__BRIEF__
Without changing a word, return the listing below, minus its images.

__GIVEN MATERIAL__

----------

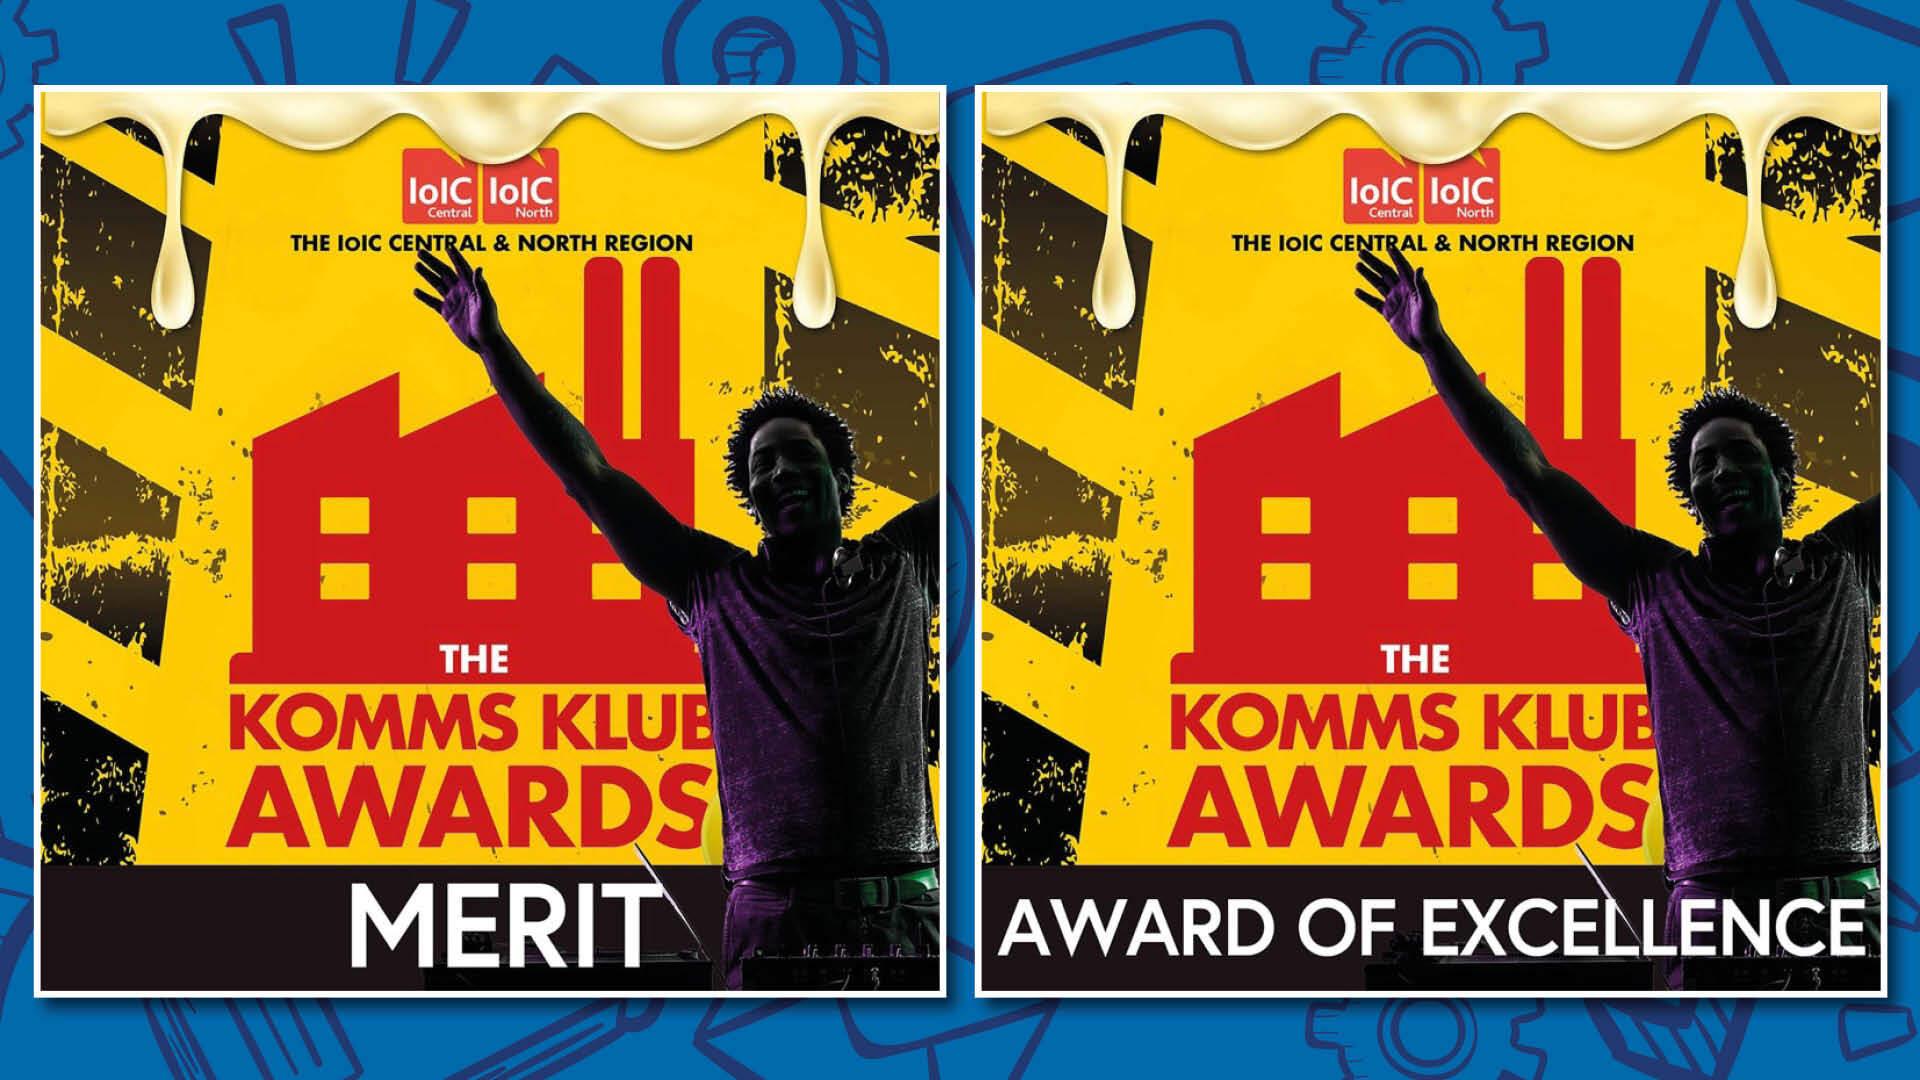 ioic awards logos
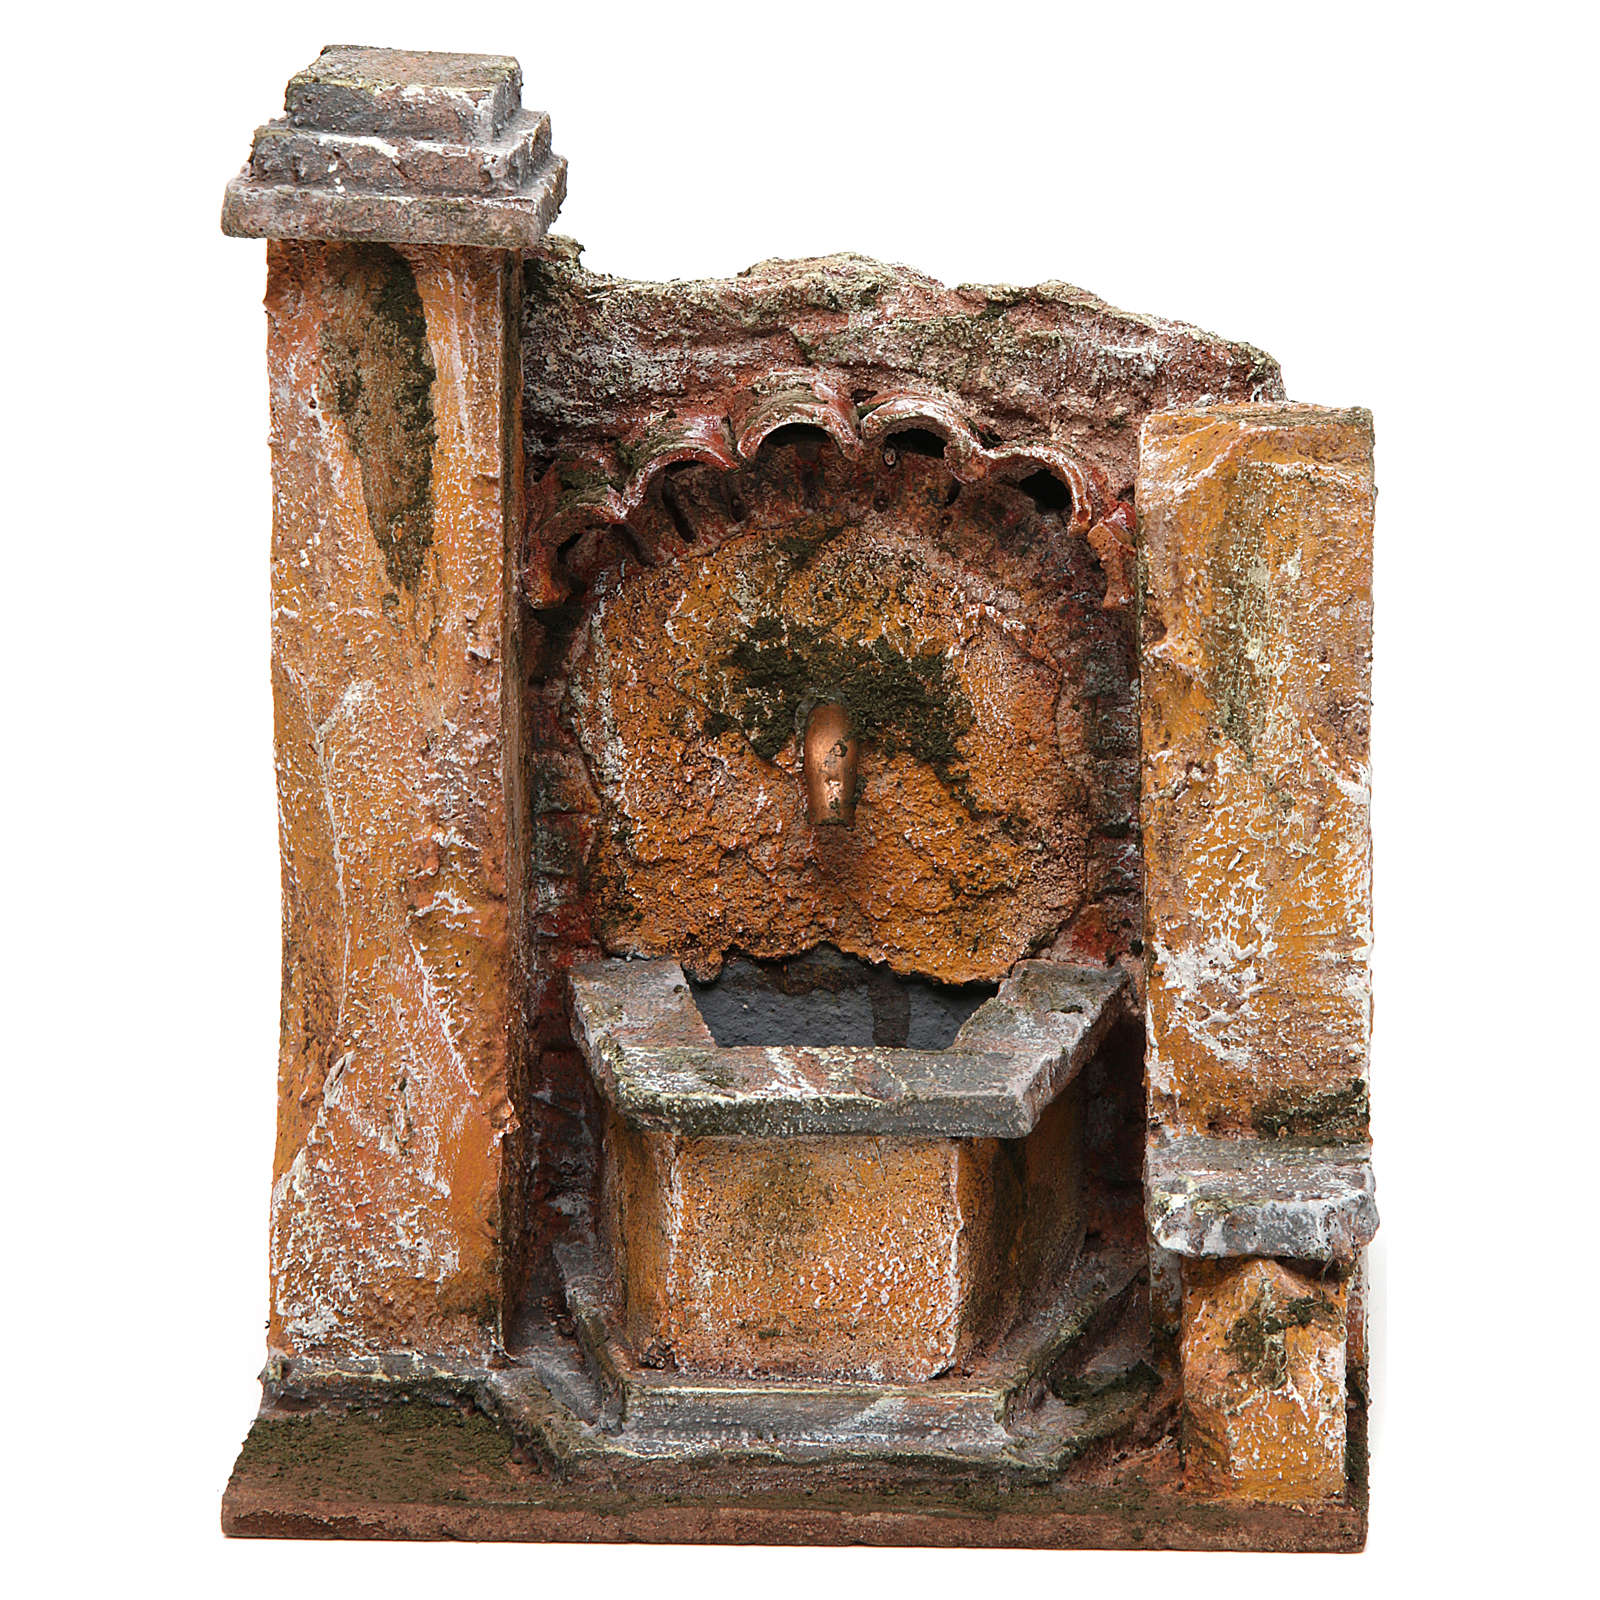 Antique Fountain for nativity 18x16x16cm 4
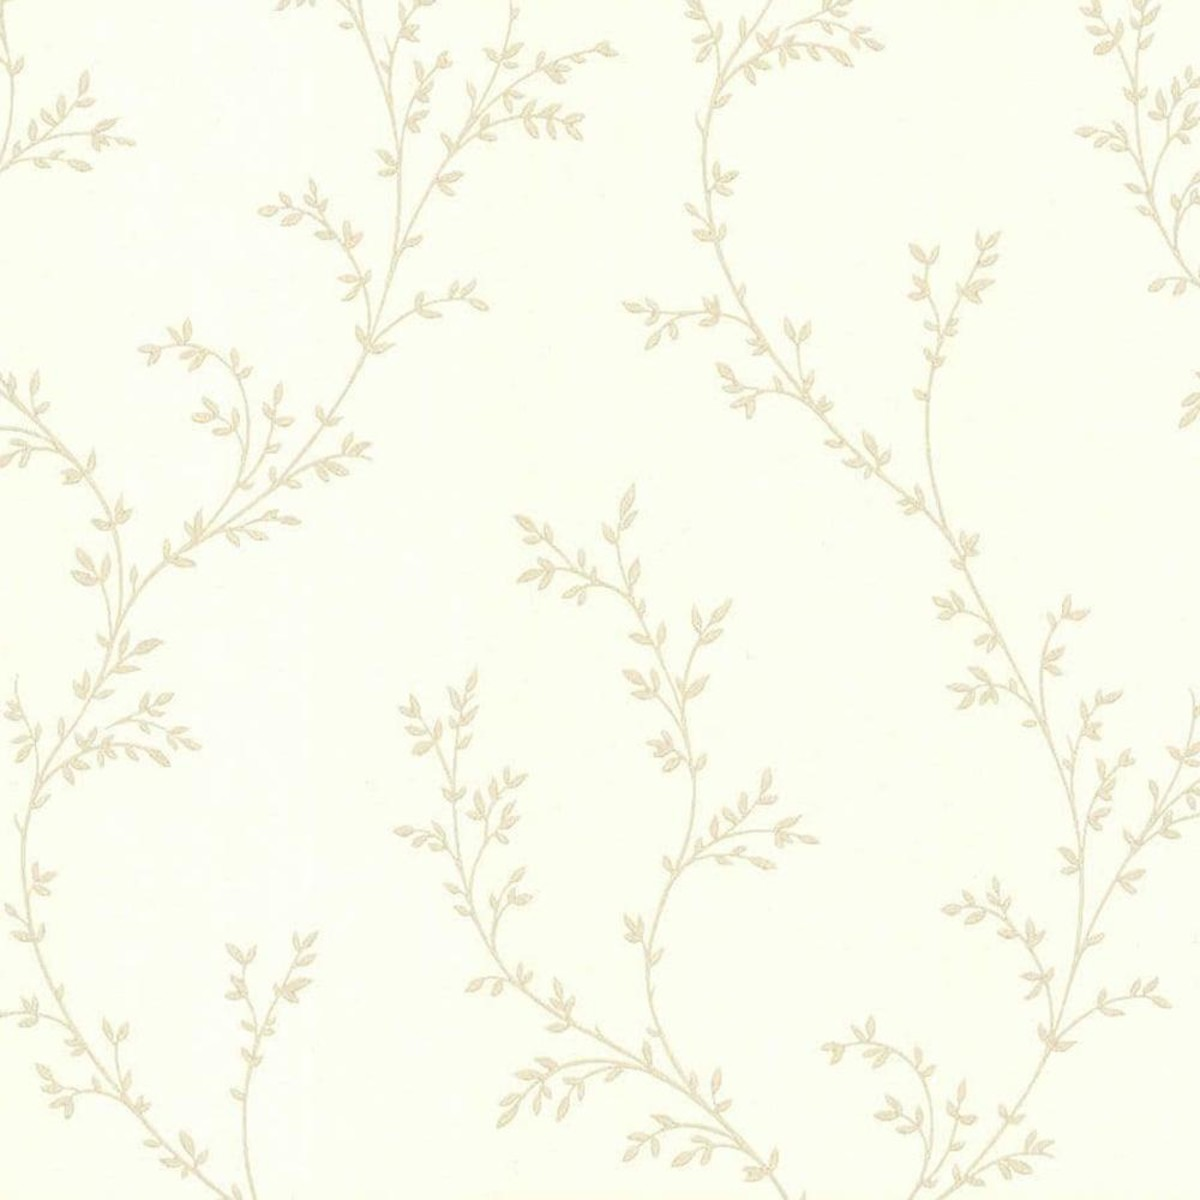 Обои флизелиновые 1838 Wallcoverings Rosemore бежевые 0.53 м 1601-103-03

----------

__OUTPUT__
 ioic awards logos
 Antique Fountain for nativity 18x16x16cm 4
 Обои флизелиновые 1838 Wallcoverings Rosemore бежевые 0.53 м 1601-103-03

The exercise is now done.